Source
M. A. Rosanoff, "Edison in His Laboratory," *Harper's Monthly Magazine*, September 1932, p. 425
Editorial Note
We traced this famous aphorism through several channels and found it consistently and near-universally credited to Edison, with no serious rival claimant. The strongest documented instance we could verify is chemist M. A. Rosanoff's account in *Harper's Monthly Magazine* (September 1932, p. 425), where he reports asking Edison about genius and quotes the reply: "Genius is one per cent inspiration, ninety-nine per cent perspiration." We also confirmed still earlier press attributions during Edison's own lifetime, including reporting traced back to at least 1903 in the *Ladies' Home Journal*, indicating the wording circulated as Edison's while he was alive; our review of the historical record shows both the "one/ninety-nine" and older "two/ninety-eight" ratios appearing, with the one-percent form crystallizing over time.

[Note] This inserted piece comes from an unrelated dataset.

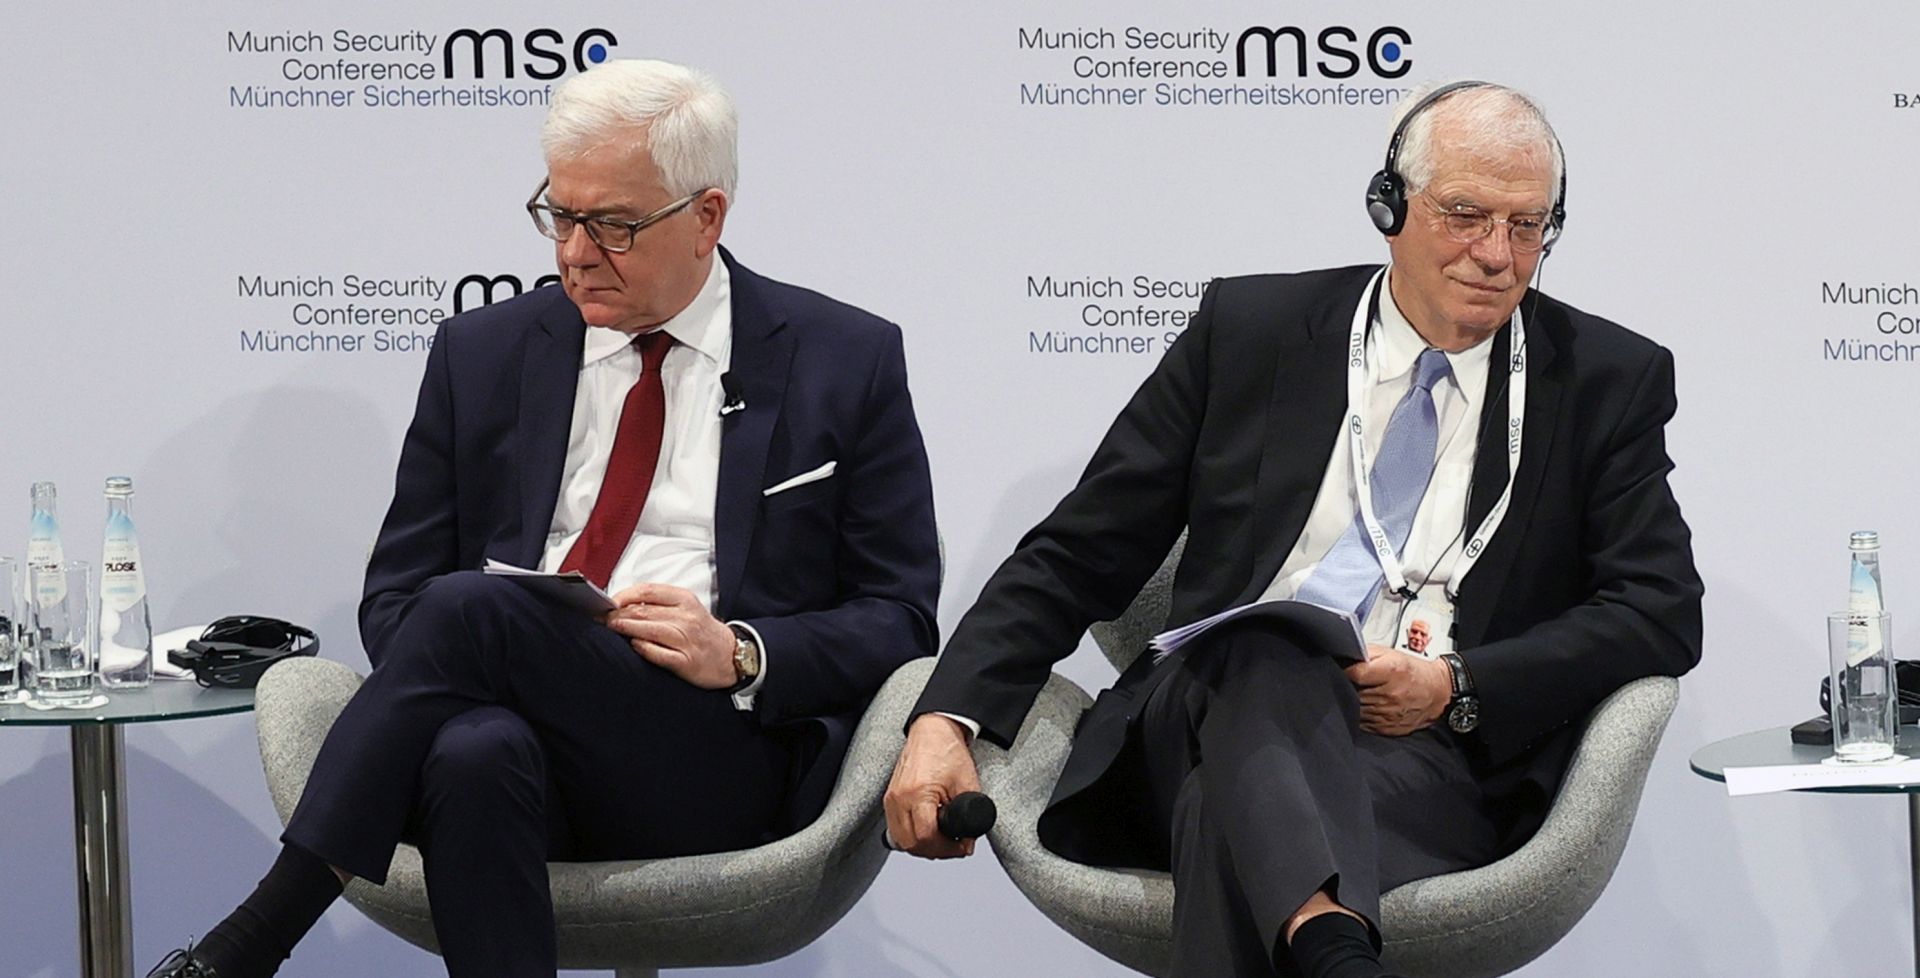 epa08221460 Poland's Foreign Minister Jacek Czaputowicz (L) and EU Foreign Policy Chief Josep Borrell (R) during a Panel Discussion 'Eurovision Contest: A Europe That Projects' at the 56th Munich Security Conference (MSC) in Munich, Germany, 16 February 2020. More than 500 high-level international decision-makers meet at the 56th Munich Security Conference in Munich during their annual meeting from 14 to 16 February 2020 to discuss global security issues.  EPA/RONALD WITTEK

The book database confirms the line is routinely printed with Edison's name (for example, W. Clement Stone's *Believe and Achieve* and Ross Lovelock's *The One Thing You Need to Know* both attribute it directly to him), but these are downstream repetitions rather than primary evidence. The 1930 *Collier's Weekly* reference cited in one lead we could not independently confirm as a verbatim primary text, so we lean on the well-documented Rosanoff report instead. Under our strict policy this remains an interview report published after Edison's death rather than a text authored by Edison himself, but it is a serious, specific, direct-encounter source and no credible competing origin exists, so the attribution to Edison stands firmly. Verified.